A tribunal has found while Sonia Kruger did indeed vilify Muslim people when she called for Australia to close its borders to people of the Islamic faith during a Today show segment, she did not engage in racial vilification because Muslim people are not a race.
This comes after Nine failed to get the racial vilification complaint against Sonia Kruger thrown out.
The decision, made on Friday by the NSW Civil and Administrative Tribunal said Kruger’s “vilifying” remarks in July 2016 were a “stereotypical attack on all Muslims in Australia” and had the potential to “encourage hatred towards, or serious contempt for, Australian Muslims by ordinary members of the Australian population”.
Nine declined B&T‘s request for comment.
In the segment where Kruger made her remarks, she referred to a column by Andrew Bolt, following a terrorist attack in Nice, France.
Kruger linked Muslims’ migration to France to the recent terrorist attacks in the country.
She said on air: “I think Andrew Bolt has a point here; that there is a correlation between the number of people who, you know, are Muslim in a country and the number of terrorist attacks.
“Now, I have a lot of very good friends who are Muslim, who are peace-loving, who are beautiful people, but there are fanatics.
“And does the population and the correlation between those two things, is it having an impact?”
She said she would “like to see [immigration of Muslim people] stopped now for Australia. Because I want to feel safe, as all of our citizens do”.
The following day, Kruger conceded her views “may have been extreme”.
Sam Ekermawi, a Muslim living in Australia, took the issue to the tribunal and said Kruger and the Nine Network had racially vilified Muslims.

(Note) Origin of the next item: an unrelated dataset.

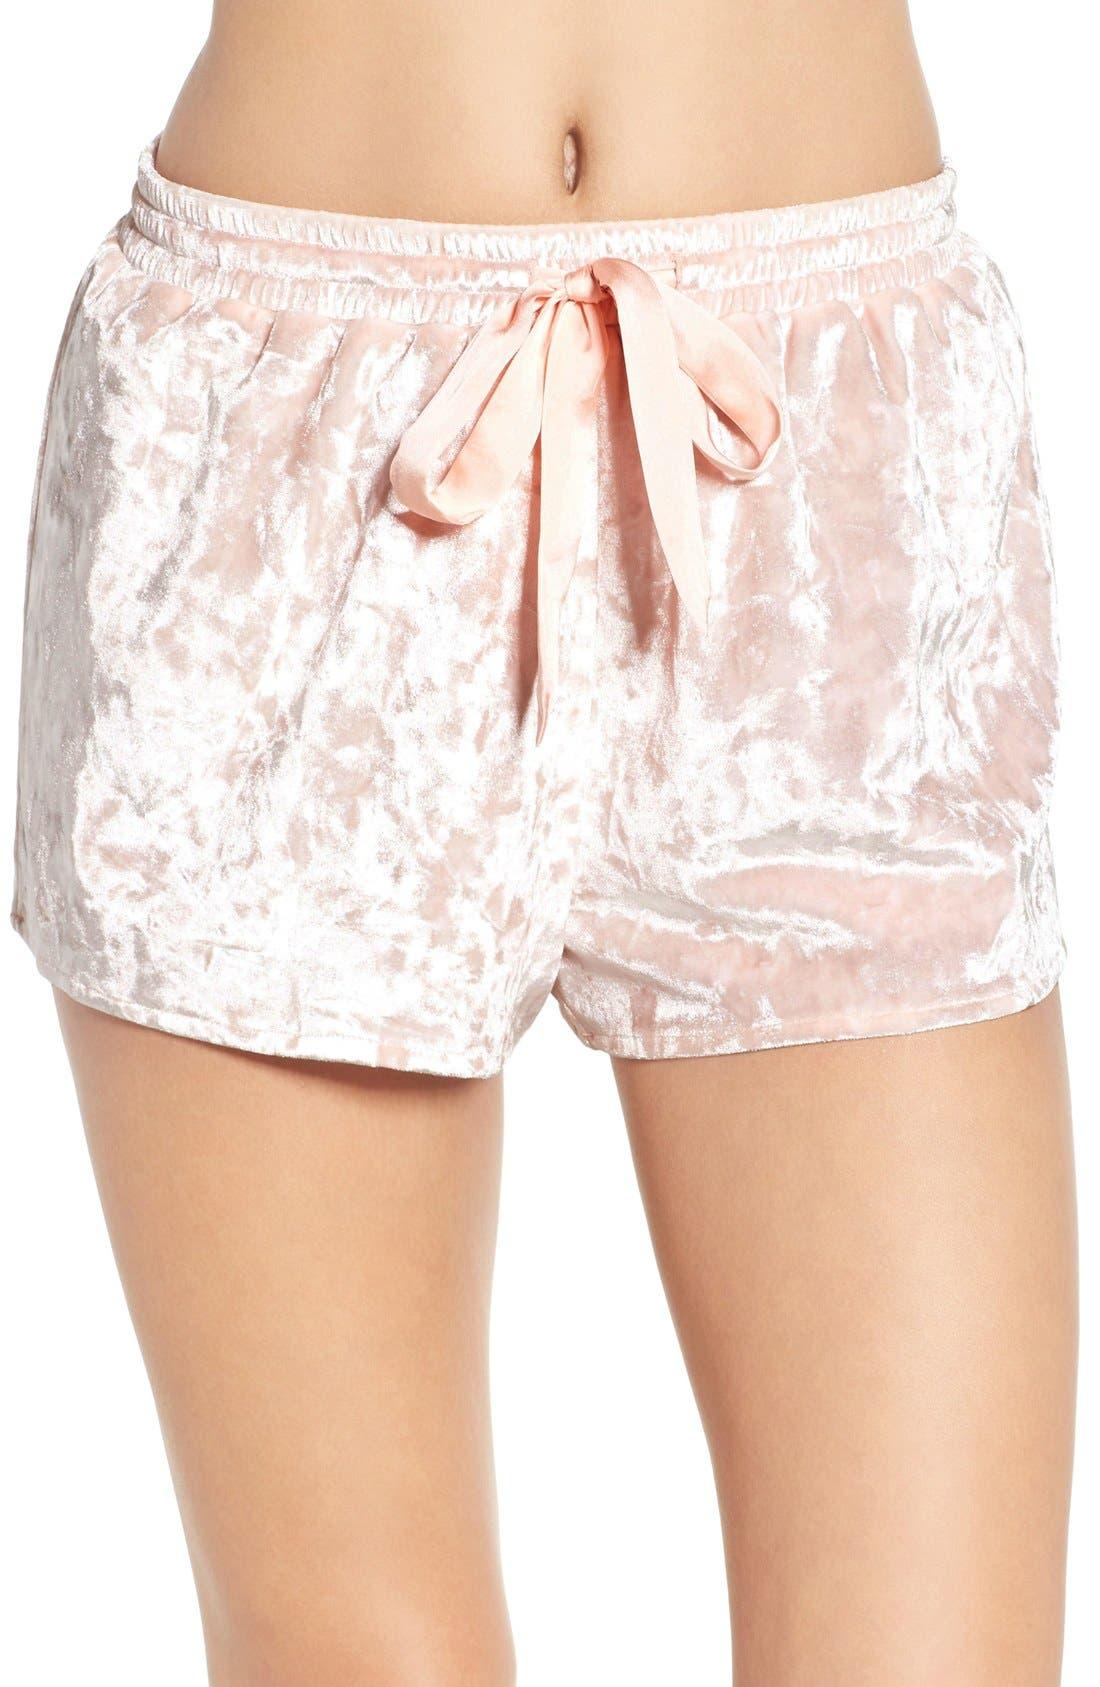 Crushed Velvet Shorts,                             Main thumbnail 1, color,                             Pink Wood

He did not seek a payout but did request an apology.
“There is no objective evidence that would allow the tribunal to be comfortably satisfied that Muslims living in Australia regard themselves as being a distinct community irrespective of their different ethnic origins, religious traditions,” the tribunal said in its findings published on Friday.
“In conclusion, the evidence does not support a finding that Muslims living in Australia are a ‘race’ by reason of a common ethnic or ethno-religious origin.
“Apart from that issue, we would have found that both of the respondents [Kruger and The Nine Network] engaged in racial vilification of the Australian Muslim community, being Muslims living in Australia”.
The tribunal did find, however, that when Kruger said she wanted to see borders closed to Muslims “for the safety of citizens here”, she offered her own views that went beyond the discussion of Bolt’s piece.
“These additions were not just opinion, they were vilifying remarks in their own right,” the tribunal conceded.
While Kruger’s comments were not found to be racial vilification, the tribunal “would likely encourage hatred towards, or serious contempt for, Australian Muslims by ordinary members of the Australian population”.